Mathematical Proof as a Litmus Test: Revealing Failure Modes of Advanced Large Reasoning Models
- URL: http://arxiv.org/abs/2506.17114v3
- Date: Thu, 31 Jul 2025 16:23:29 GMT
- Title: Mathematical Proof as a Litmus Test: Revealing Failure Modes of Advanced Large Reasoning Models
- Authors: Dadi Guo, Jiayu Liu, Zhiyuan Fan, Zhitao He, Haoran Li, Yumeng Wang, Yi R. Fung,
- Abstract summary: We introduce the RFMDataset (Reveal Failure Modes), a collection of 200 diverse mathematical proof problems.<n>We thoroughly evaluate advanced models' performance on it.<n>Our analysis uncovers 10 fine-grained error types, which shows fundamental limitations in current large reasoning models.
- Score: 11.250861762443801
- License: http://arxiv.org/licenses/nonexclusive-distrib/1.0/
- Abstract: Large reasoning models (e.g., R1, o3) have demonstrated remarkable mathematical problem-solving abilities.

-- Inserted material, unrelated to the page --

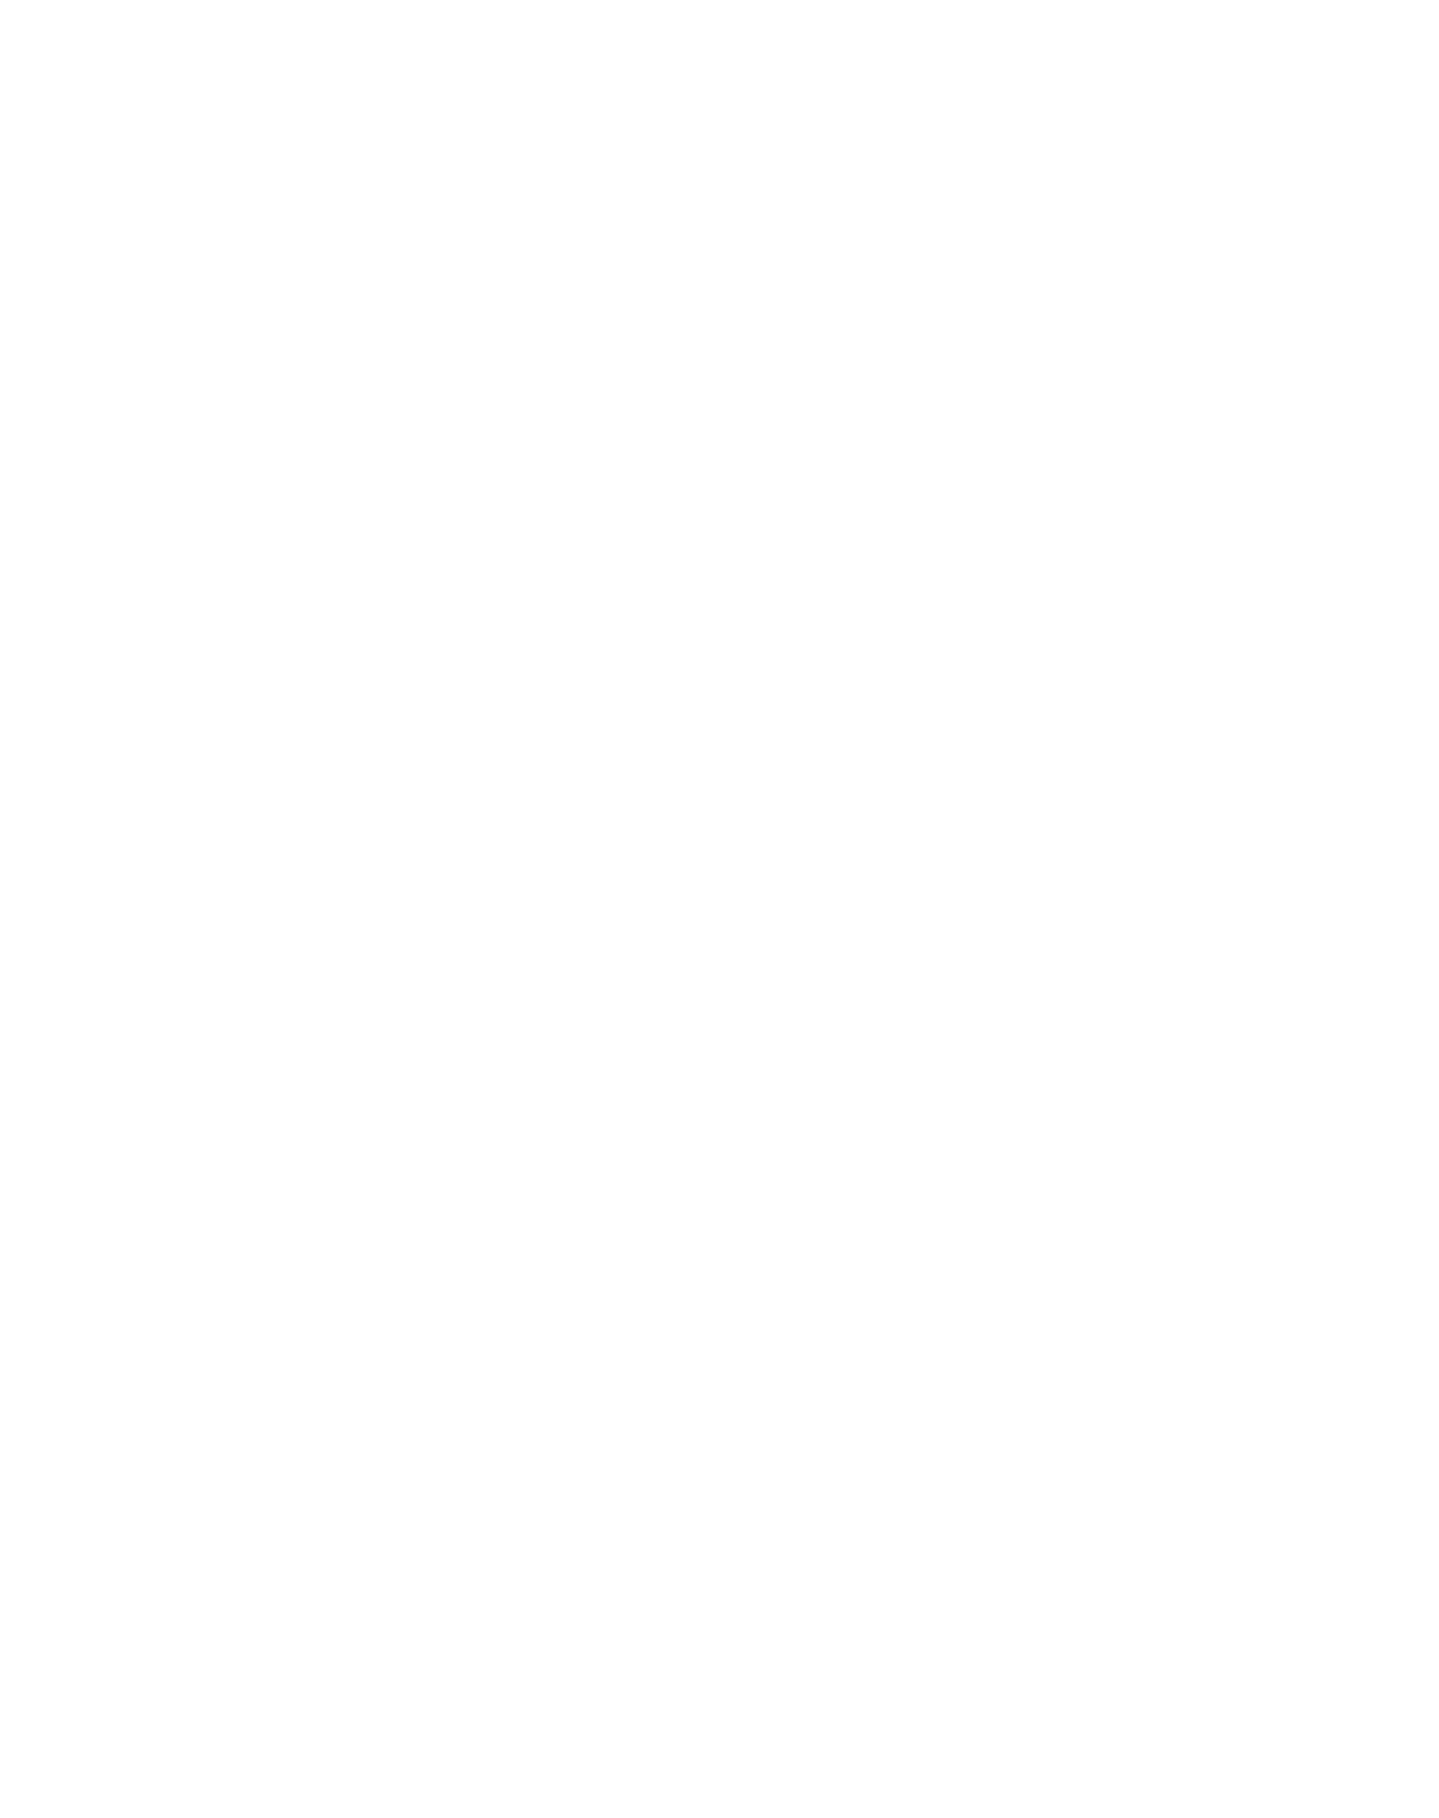 Top Notch Outdoors LLC

However, the high reported accuracy of these advanced models on popular datasets, reliance on purely numerical evaluation and potential benchmark leakage, often masks their true reasoning shortcomings. To address this, we propose leveraging the inherent rigor and methodological complexity of mathematical proofs as a diagnostic tool to expose these hidden failures. Specifically, we introduce the RFMDataset (Reveal Failure Modes), a collection of 200 diverse mathematical proof problems, and thoroughly evaluate advanced models' performance on it. Our in-depth analysis of their failures uncovers 10 fine-grained error types, which shows fundamental limitations in current large reasoning models: 1) large reasoning models grapple profoundly with mathematical proofs, with some generating entirely correct proofs for less than 20% of problems and failing even on basic ones; 2) models exhibit a diverse spectrum of reasoning failures, prominently demonstrating the lack of guarantees for the correctness and rigor of single-step reasoning; and 3) models show hallucination and incompleteness during the reasoning process. Our findings reveal that models' self-reflection is insufficient to resolve the current logical dilemmas, necessitating formalized and fine-grained logical training.